Todo empezó con el apoyo del Ayuntamiento de Madrid a una propuesta de Vox para informar sobre un supuesto síndrome postaborto, no avalado por la ciencia, pero más que probable por mínima humanidad que tenga una. Aunque el alcalde Martínez-Almeida rectificó rápidamente el embrollo en que se había metido su grupo, Isabel Díaz Ayuso y Pedro Sánchez se incorporaron a la polémica raudos y veloces como una gacela, no hubiera sido que las brasas del conato de incendio se apagasen antes de causar algún daño social. Y es que pudiendo dedicarse al enfrentamiento y la polarización, ¿quién ocupa su tiempo en hacer el bien?

El oportunismo político del presidente Sánchez es conocido y seguramente inevitable. Ante las dificultades políticas y judiciales que afronta su agenda diaria, hay que aprovechar cualquier torpeza de los adversarios, a costa de lo que sea y de quien sea. Más difícil resulta comprender lo de Díaz Ayuso, pues, además de sus continuos cambios de criterio –en el aborto ha pasado de defender el derecho para las adolescentes de 16 años a proclamar “¡que se vayan a abortar otra parte!”–, la presidenta exhibe siempre una retórica agresiva y frentista, que hace tiempo que rebasa lo tolerable en una sociedad democrática, que tiene como máxima aspiración la convivencia en paz.
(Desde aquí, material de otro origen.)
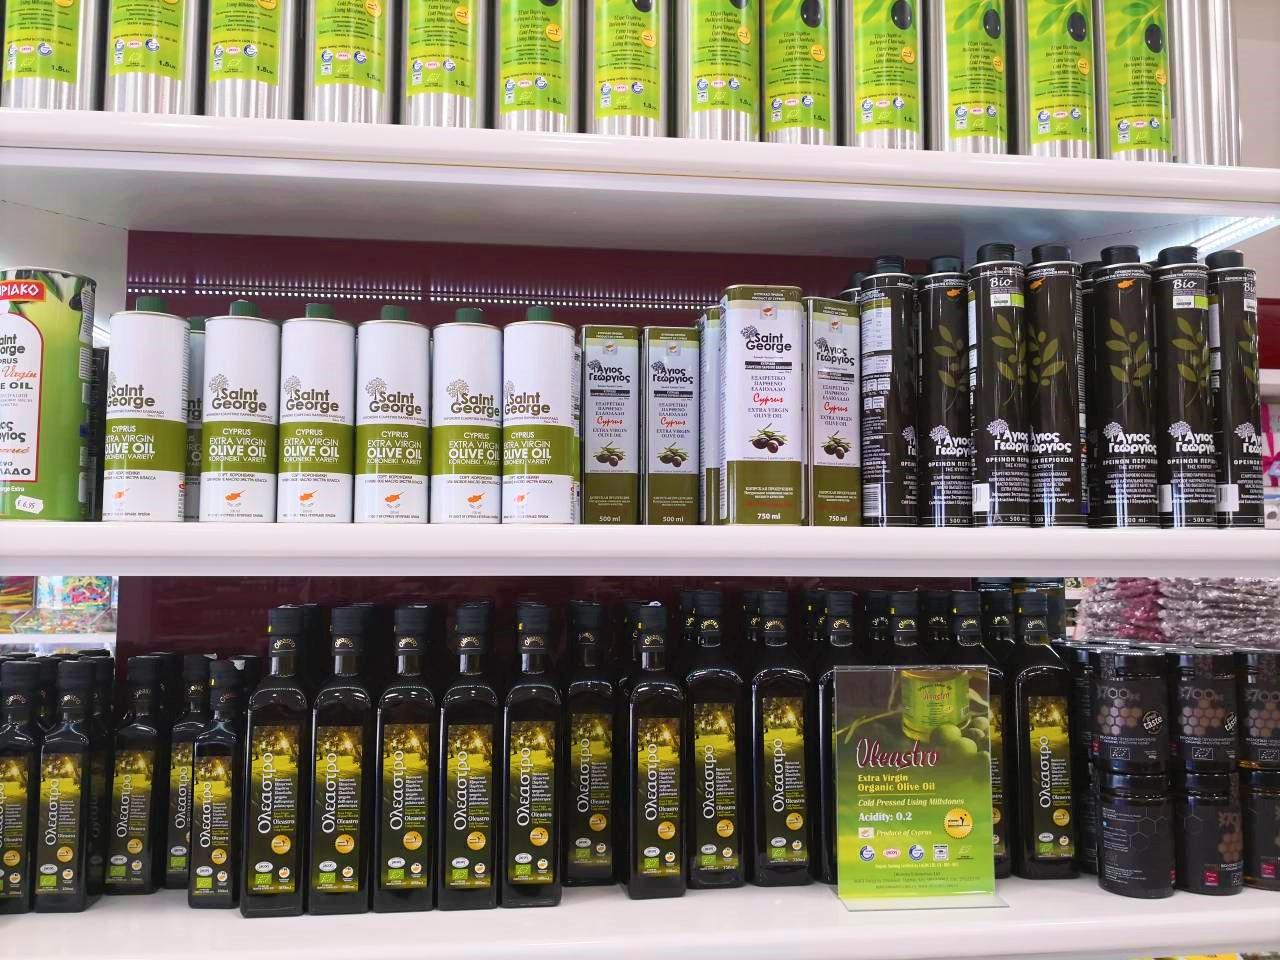 Косметика olive кипр купить купить косметику луис видмер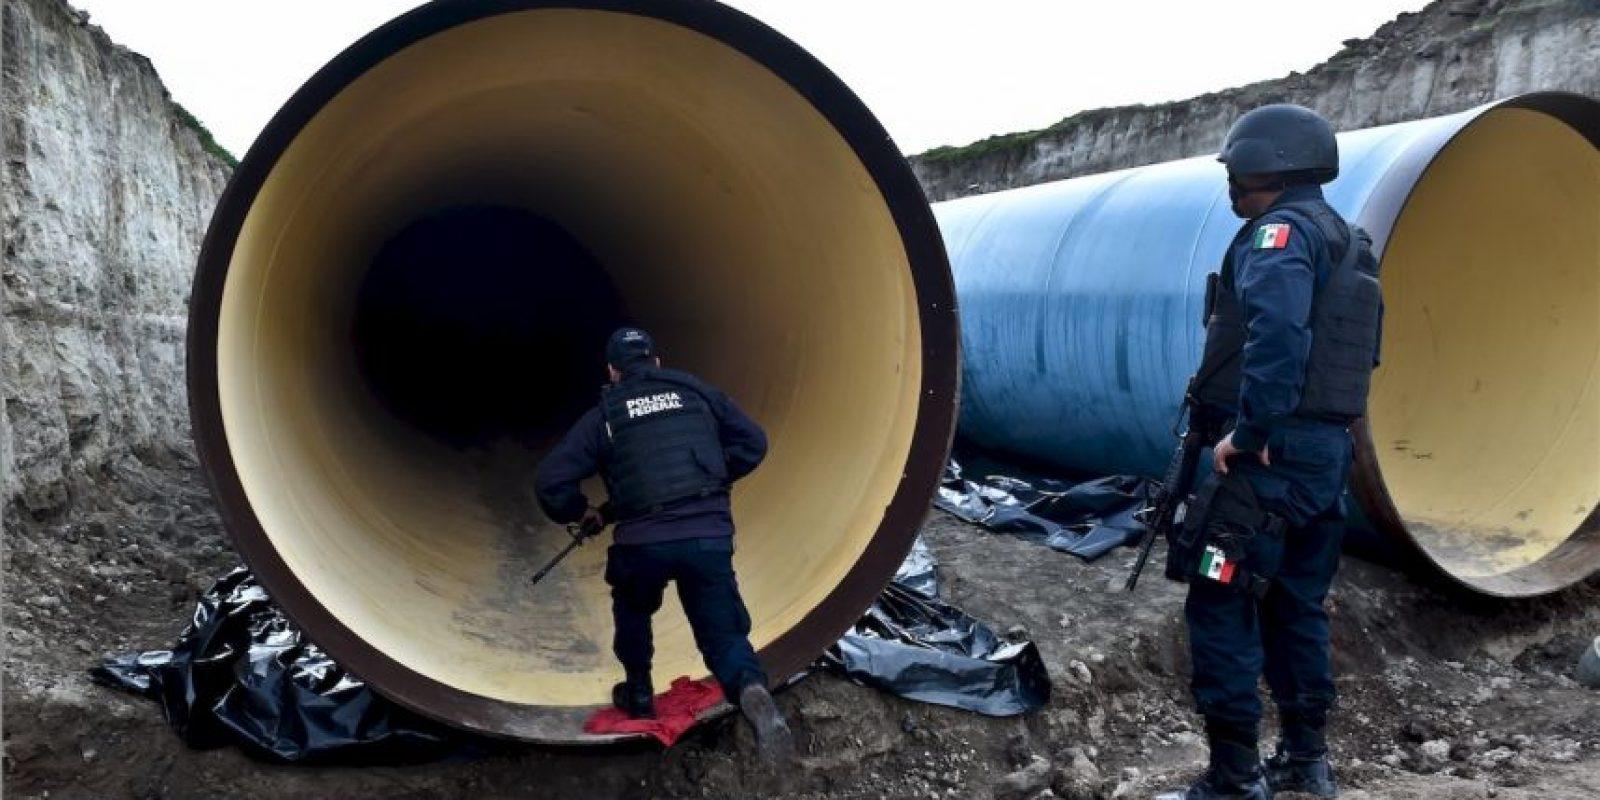 """""""Dicho orificio comunica a su vez con un conducto vertical de aproximadamente 10 metros de profundidad, habilitado con una escalera"""", explicó el funcionario mexicano. Foto:AFP"""

MADRID, 28/09/2025.- La secretaria política de Podemos y eurodiputada Irene Montero se dirige a medios de comunicación durante la concentración celebrada en Madrid, este domingo, bajo el lema 'Aborto libre para todas' frente al ministerio de Sanidad. EFE/ Víctor Lerena

  

VÍCTOR LERENA / EFE

Porque en una democracia madura, el uso público de la razón y la discrepancia deben estar permitidos a todo el mundo. Pero, como aprendimos de Adam Smith cuando, hace ya casi tres siglos, teorizó sobre los sentimientos morales, no es posible razonar sin empatía, esto es, sin la capacidad de ponerse en la piel del otro. Y en el tema del aborto, como en cualquier tema importante relacionado con la vida humana, una cosa es reflexionar en abstracto –o en un mitin– y otra muy distinta es que te afecte a ti directamente.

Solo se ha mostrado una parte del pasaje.